King Kong, tüm yaşamı boyunca dinozorlarla dövüşmüş, hiçbir canlıya karşı sevgi duymamışken, ona tiyatro sahnesinden aklında kalan çeşitli numaralar, sevimlilikler yapan Ann Darrow'a vuruluyor. Gorilimiz, sarışın aşkıyla huzur bulmuş olsa da, insanların onu rahat bırakmaya hiç niyetleri yok. Jack, Ann'i kurtarmak istese de, geri dönen gemi mürettebatının niyeti daha çok King Kong'u şehre götürerek üzerinden para kazanmak oluyor. Duygusal goril ise sarışın aşkını ellere vermemek ve korumak için önüne çıkan herkes ve herşeyle savaşmaya hazır.
AĞZIMIZI AÇIK, PERDEYE BAKAKALDIK
2005 model King Kong ’un hikayesi kısaca böyle.
Zaten bildiğimiz, bu tanıdık hikayeden 3 saati aşan bir film nasıl çıkmış, sorusuna gelince.
Peter Jackson, orijinalinin üstüne bir filmlik malzeme daha eklemiş desek, yalan olmaz. 1993 yılı yapımı King Kong 100 dakikayken, şu anda karşımızda 187 dakikalık bir film var.
King Kong ’u perdede görene dek yaklaşık bir saat beklemek zorunda kalıyoruz. Bu, sabırsız izleyicilerin pek de hoşuna gidecek bir durum değil elbette. Ama filmin o ilk bir saatlik süresi atmosferin yaratılması, karakterlerin tanıtılması açısından hiç de fena olmuyor. Tabii ki sarkan, gereksiz yere uzayan sahneler var. Ne diyelim, o kadar kusur kadı kızında da olur. Çocukluğundan beri bu filmin hayalini kuran bir yönetmenin çektiği sahnelere kıymakta ne kadar zorlanmış olabileceğini tahmin edebiliyoruz.
Filmin karakterlerinin tanıtıldığı, atmosferin yaratıldığı uzunca giriş bölümünden sonra, adada geçen ve yine uzun sayılabilecek aksiyon sahneleri geliyor. Türlü türlü (çoğu da iğrenç) yaratıklar resmi geçitlerine başlıyorlar. Bunların arasında dinozorlar da var. Steven Spielberg'i bile kıskandıracak kadar iyi resmedilmiş dinozorlara King Kong filminde doyuyoruz. Sürü haline ilerleyen o hantal yaratıklar dar geçitlerde birbirlerini ezerken (nedense ayaklarının altındaki insanları çoğu kez es geçiyorlar!), uçurumlardan yuvarlanırken tek yaptığımız, ağzımız açık perdeye bakmak oluyor.
SARIŞINIM, SANA AŞIĞIM
King Kong, sarışın sever. Bugüne dek dev gorili sarışın aşklarıyla birlikte izledik. Bu kez de gelenek bozulmuyor ve Ann rolünü Mullholland Drive filmiyle Oscar adaylığı almış olan güzel oyuncu Naomi Watts canlandırıyor.

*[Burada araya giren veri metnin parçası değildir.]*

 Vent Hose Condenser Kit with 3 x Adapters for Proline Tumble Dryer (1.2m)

Peter Jackson'ın Ann karakteri üzerinde çok çalıştığı, King Kong'la aralarındaki ilişkiyi geliştirdiğini söylemek mümkün. Önceki filmlerde daha çok çığlık atan bir kadın olarak hatırladığımız Ann, bu filmde derinlik kazanıyor. King Kong'u sadece sarışın ve güzel olması değil, onun için yaptığı şirinlikler ve koca gorile gösterdiği şefkat de etkilemiş oluyor.
King Kong'a gelirsek... Yüzüklerin Efendisi'nde bilgisayar ortamında yaratılmış Gollum rolünde oynayan Andy Serkis, King Kong'da görev alarak, dev gorilin ‘motion-capture’ tekniğine dayalı performanslarını gerçekleştirmiş ve film setinde diğer aktörlere referans sağlamış. Bu da, Serkis'in film boyunca en çok Naomi Watts karşısında bolca durduğu, deyim yerindeyse, ona maymunluk yaptığı anlamına geliyor.

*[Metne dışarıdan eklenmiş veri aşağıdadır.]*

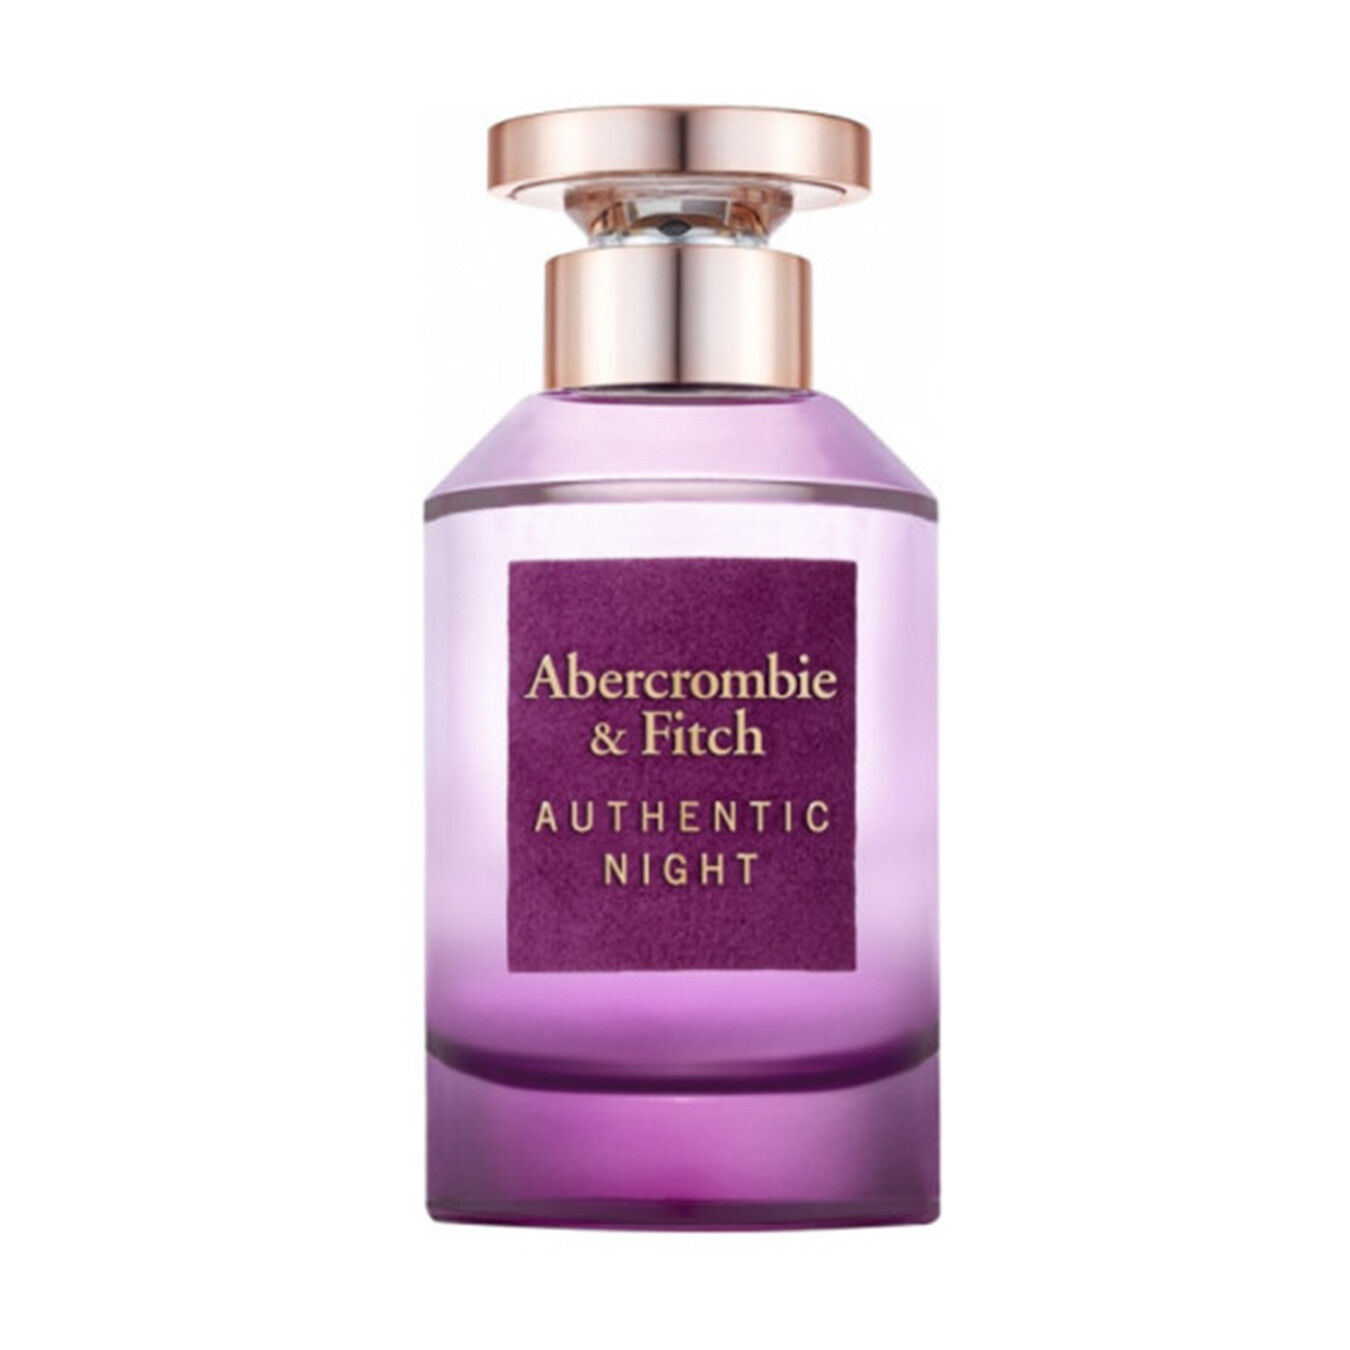 Abercrombie & Fitch Authentic Night AUTHENTIC Night Femme Perfume Femme 100 ml

Peter Jackson, Piyanist'in Oscar ödülü oyuncusu Adrian Brody'nin canlandırdığı Jack karakteri üzerinde çok oynamış, onu maceraperest bir denizci olmaktan çıkarıp, entelektüel, içe kapanık bir yazar haline getirmiş ve bence fazlasıyla pasifize etmiş.
Genç adamın Ann ile yaşadığı o özel ilişki de pek inandırıcı gelmiyor doğrusu. Jack'e filmin en zayıf halkası olarak bakmak mümkün.

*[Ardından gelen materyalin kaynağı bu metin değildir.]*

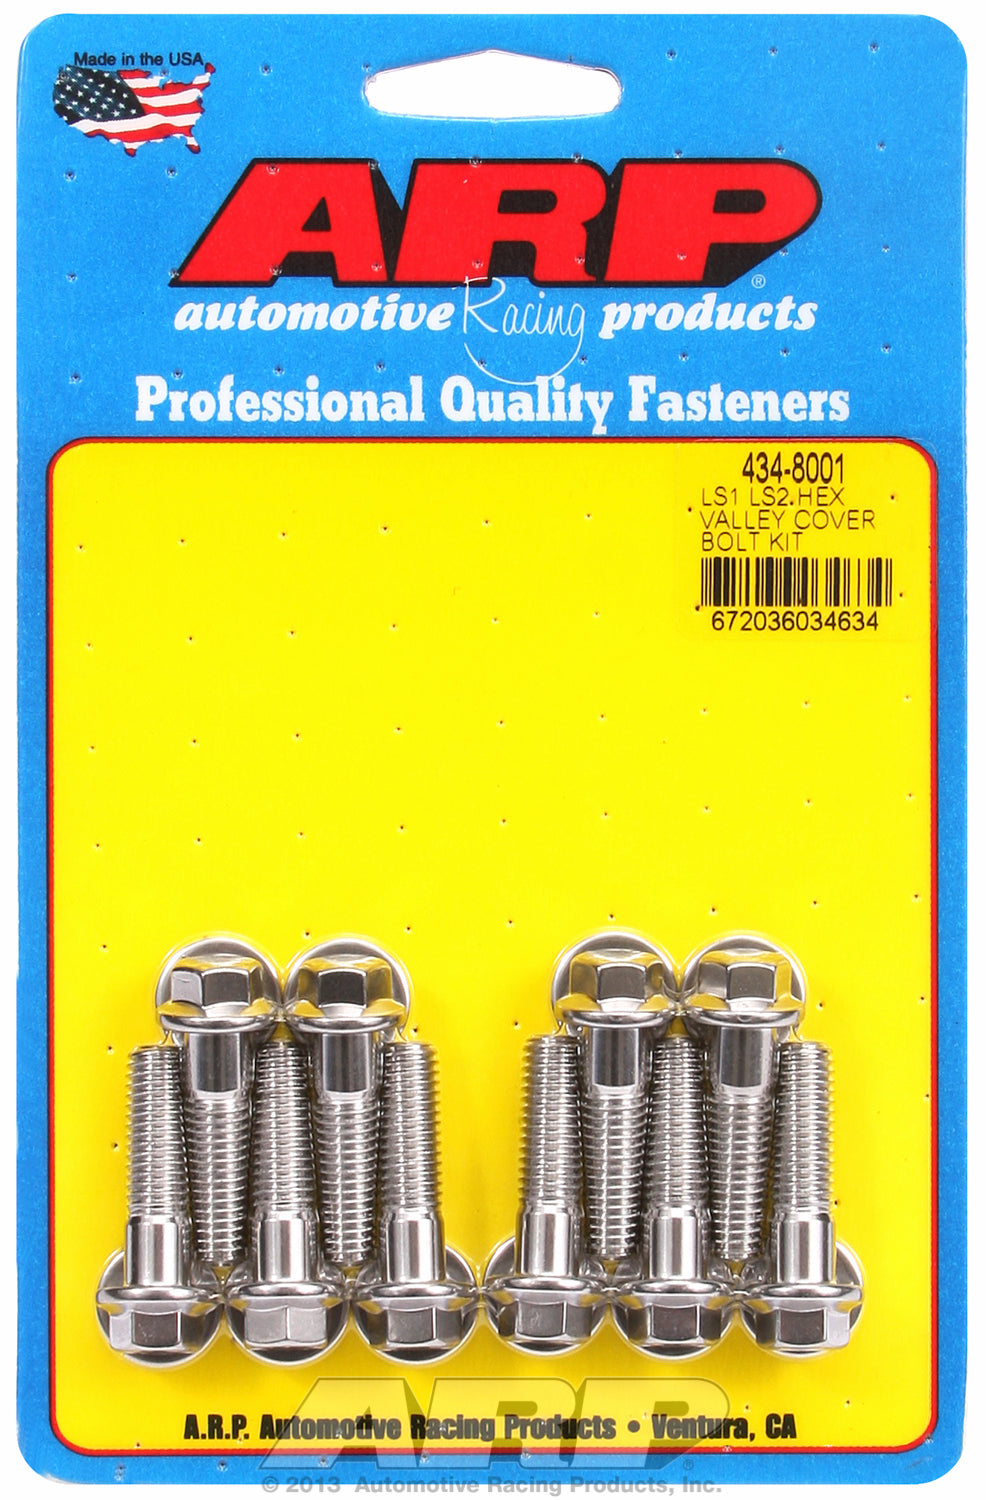 Hex Head Stainless Intake Manifold Bolts for Chevrolet Gen III/IV LS Series small block, valley cove

School of Rock filminden hatırladığımız Jack Black, iş bilir, üçkağıtçı ve azimli yönetmen Carl Denham rolünde çok başarılı. Filmini çekebilmek için yapmayacağı şey, dolandırmayacağı insan yok gibi. İçinde sinema aşkı oluğu kesin, ama bir o kadar da gözünü para bürümüş durumda. Sinema aşkı nedeniyle bize önceleri sevimli gibi görünse de, King Kong'a yaptıklarından sonra bir anda bir kaşık suda boğulası adama dönüşüveriyor.
GORİLDEN DERS ALMAK
Filmin final cümlesinde de değindiği gibi, King Kong bir güzel çirkin hikayesi. Duygusal bir gorilin aşık olduğu, aşkı için her şeyini feda ettiği görsel bir şölen. Yeri geldiğinde müthiş bir aşk hikayesi, duygusal bir dram, yeri geldiğinde ise dev gorili, sürü sürü dinozorlarıyla nefese kesen bir macera.
Ben King Kong'u zaten severdim (onun sarışınları sevmesiyle bir alakası yoktur!), Peter Jackson sayesinde bu duygusal gorili daha da çok sevdim.
Belki çok arabesk olacak ama, King Kong'unki, aşklarının arkasında durmayan, zoru görünce kaçmayı tercih eden insanlara ders olması gereken bir hikaye. 3 saatlik görsel bir şölene, duygu bombardımanına ve de dev bir gorilden ders almaya hazırsanız, King Kong kollarını açmış, sinemalarda sizleri bekliyor.